• _Records shown_:

- - - -

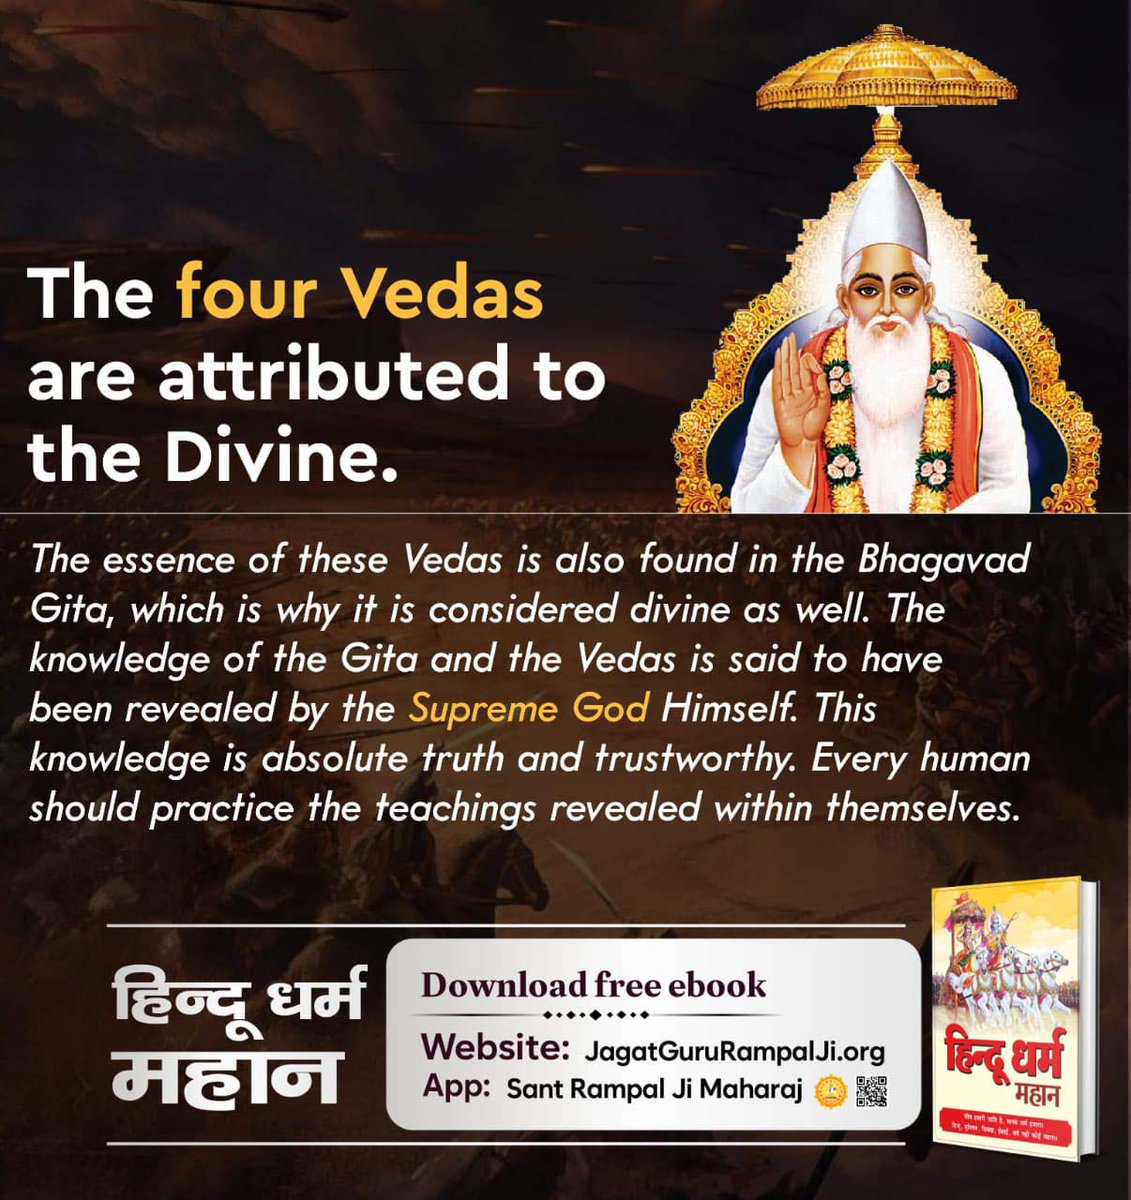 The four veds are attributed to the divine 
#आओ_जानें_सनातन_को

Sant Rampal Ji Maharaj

- - - -

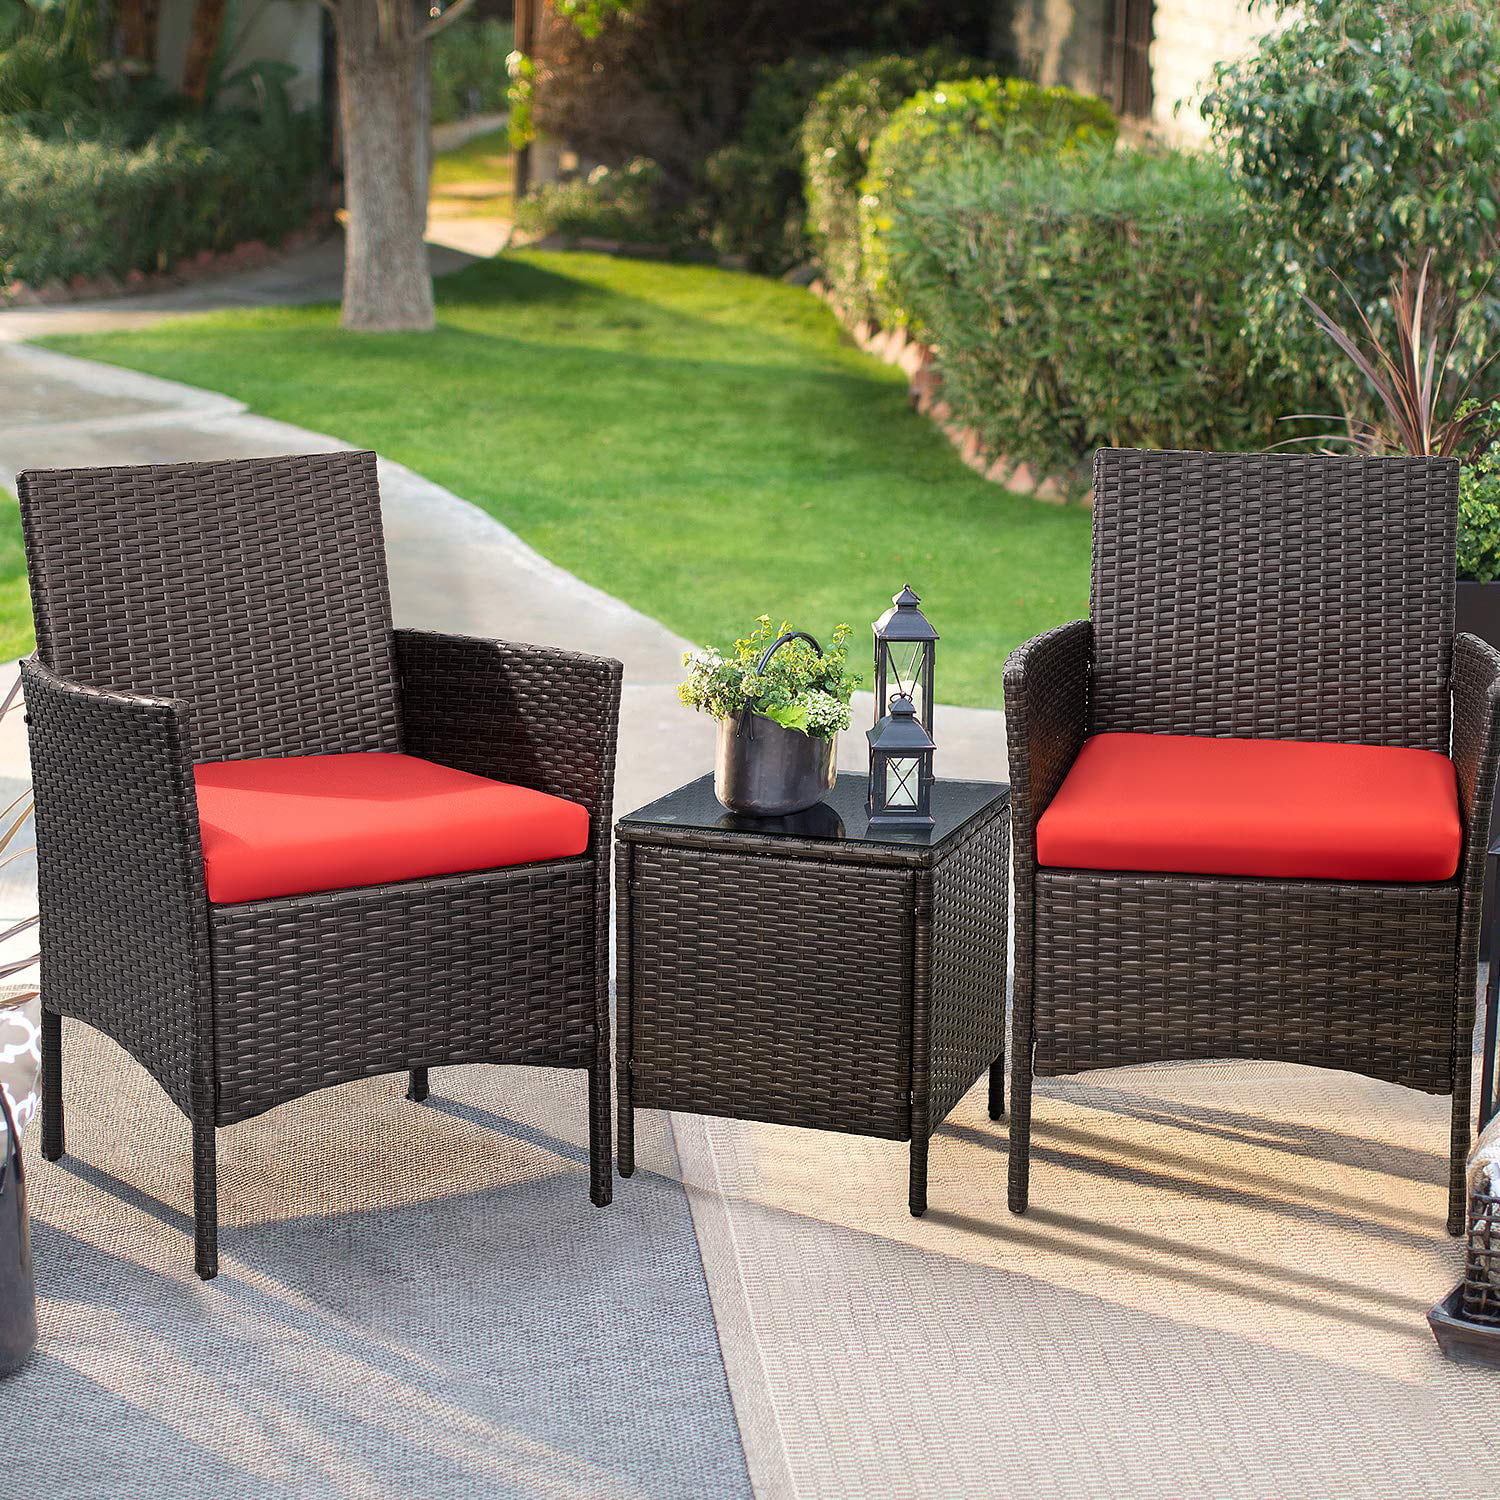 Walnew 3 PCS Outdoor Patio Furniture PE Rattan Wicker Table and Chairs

- - - -

Transcribe the listing above exactly, but only from the line with "The four veds are attributed to the divine" through the line with "Sant Rampal Ji Maharaj". Include both of those lines and omit the pictures.

 The four veds are attributed to the divine 
#आओ_जानें_सनातन_को

Sant Rampal Ji Maharaj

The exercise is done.